It was like stepping into the future, some 1980’s science fiction movie – Blade Runner perhaps. Everything was recognizable, yet evolution had somehow seemed to have taken its toll on every tiny aspect of day to day life. It began the moment we sat down on the train, still in awe with the fact that the subway station sold beer, with the press of a button our chairs spun around so the four of us could face each other for the duration of the trip. Perhaps an insignificant detail to some, but for new travellers like us; Tokyo was the future.
Easily the best part of our trip to the capital city of Japan was the fact that I had an old family friend who lived there. Many years ago, when Yoko was still a student, she stayed with my family as part of an exchange program and has remained in close contact with us for over two decades. She was gracious enough to be our local guide around the city but even more importantly meet us at the airport along with her sister, and help us navigate our way through the chaos to our hostel. I doubt we would have made it without her!
Over the next several days, we tried to get as much of Tokyo we could possibly cram into the short time available to us. First it was a day with Yoko and a friend of hers showing us a few of the sights around Asakusa – one of the main districts of the city, and the one we temporarily called home. We checked out Sensō-ji, a Buddhist temple that is not only the oldest temple in the Tokyo, but also one of the largest.
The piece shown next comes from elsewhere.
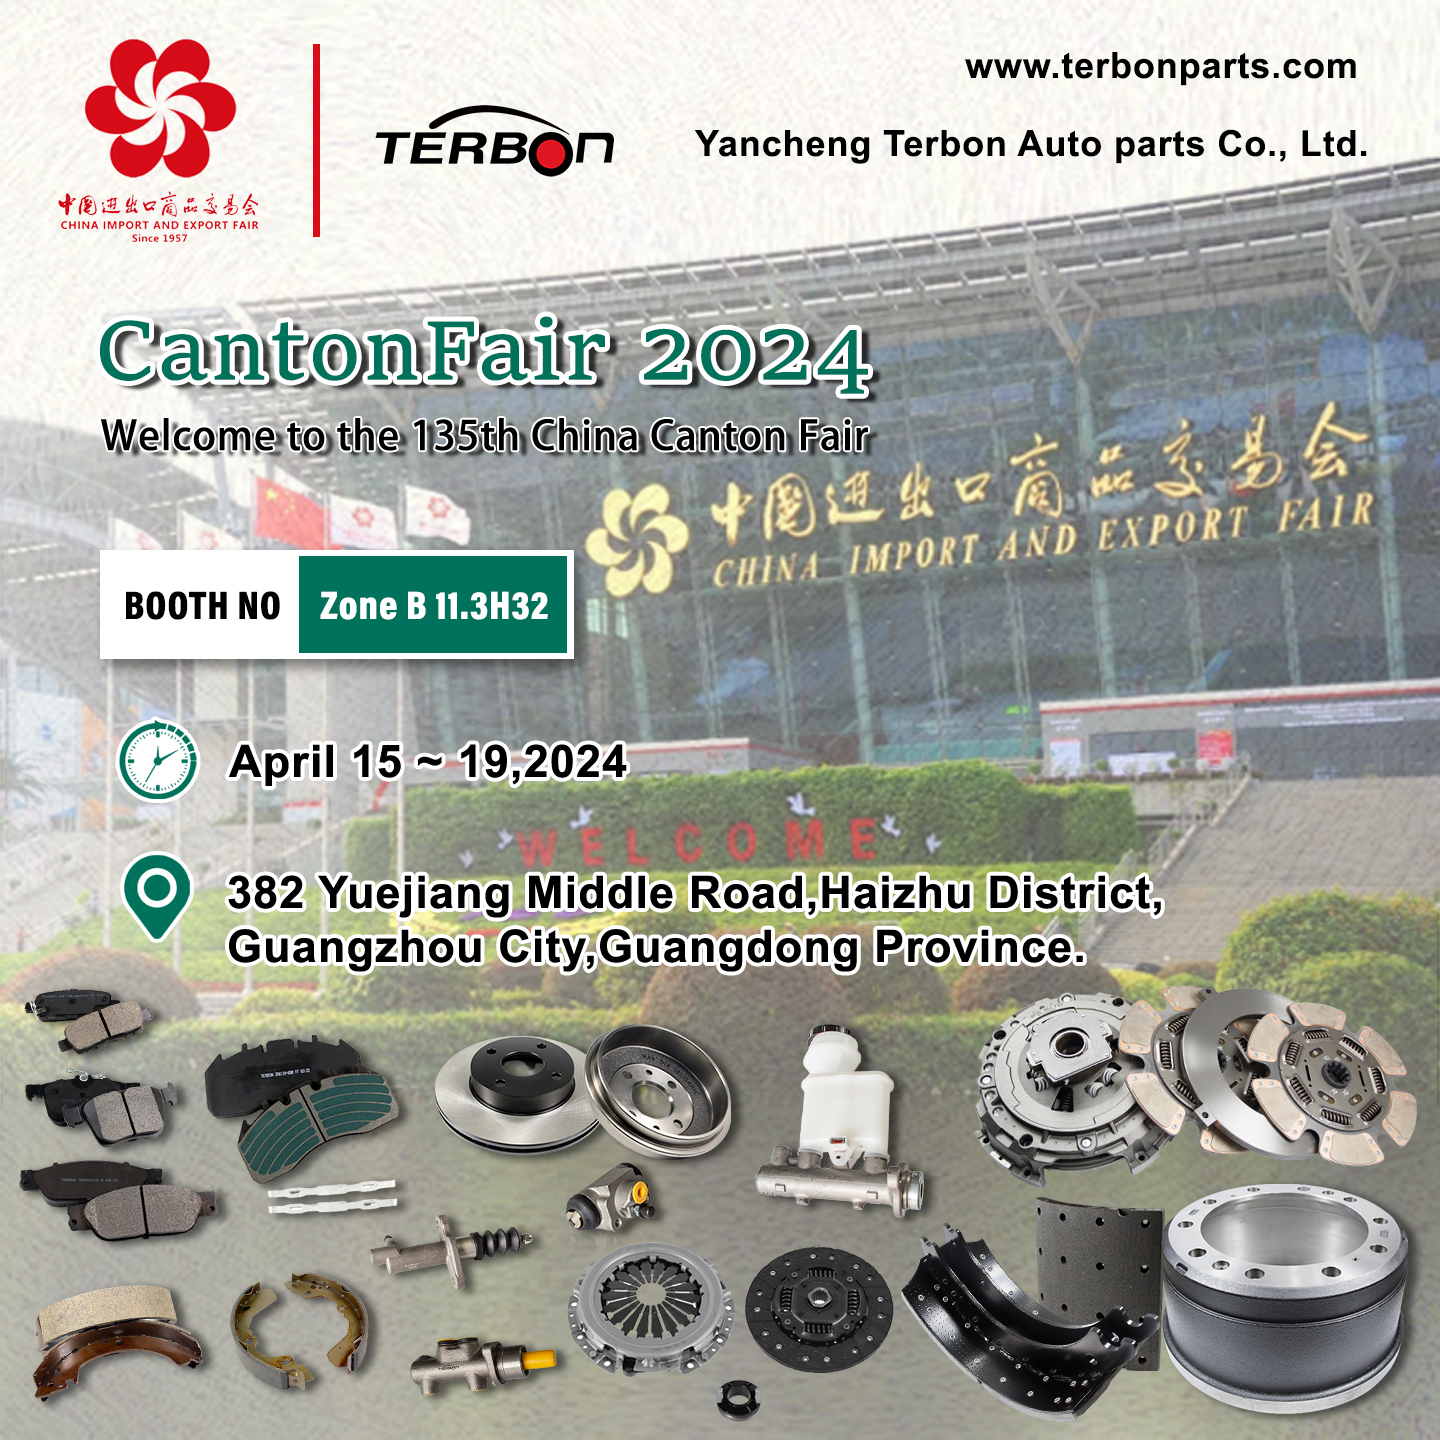 YanCheng Terbon Auto Parts Company estende l'invitu cordiale à i Partenarii Globali

Near the temple grounds, Yoko introduced us to takoyaki, delicious balls of fried batter filled with octopus, ginger, and green onions.
Over the following days after parting ways with Yoko, we dove a little deeper into the newly familiar areas of the city. Returning to Shinjuku first to indulge in the seemingly endless alleys of noisy arcades and steaming restaurants; we sampled many different soups and snacks, each one more fantastic and unique than the one before. Every so often between snacks, we’d take advantage of the beer vending machines spread around the city for a quick refresh before moving onto the next restaurant.
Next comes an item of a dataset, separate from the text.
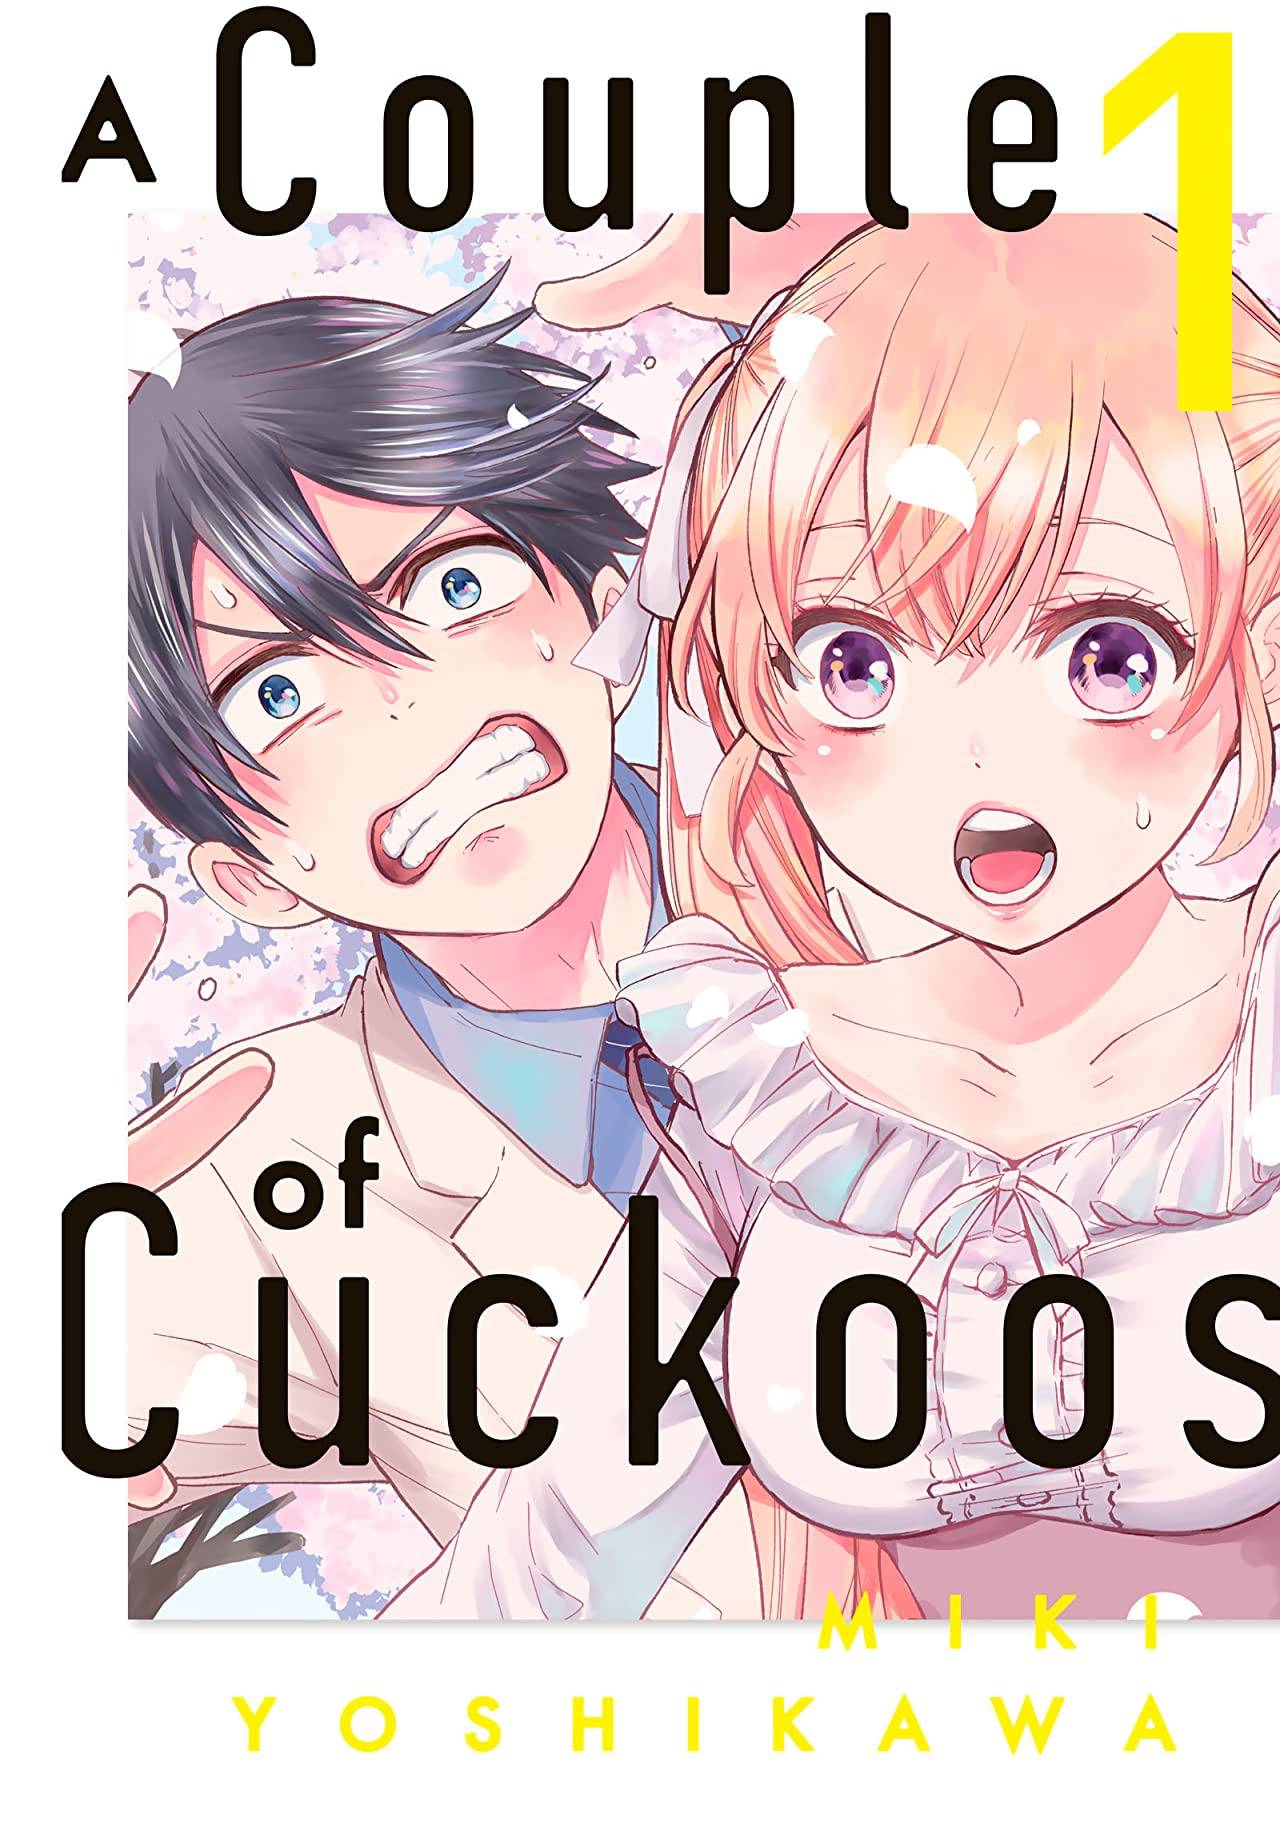 El manga A Couple of Cuckoos, tendrá su anime en el 2022 16

And then it rained and everyone became a magician. A small thunderstorm came out of absolutely nowhere, as did all of the plastic umbrellas. One minute it was sunny while thousands of people moved about their day, the next it was torrential downpour and suddenly everyone was holding a small plastic umbrella, we don’t know where they came from or where they went once the storm soon passed. Out of the masses in the streets, I think Kylee and I were the only two standing hopelessly soaked in the rain.
Comfortably full of the most unique food we’d eaten in our lives until that day, we eventually laid down on the floor of Narita Airport, awaiting our 6am flight to Bangkok.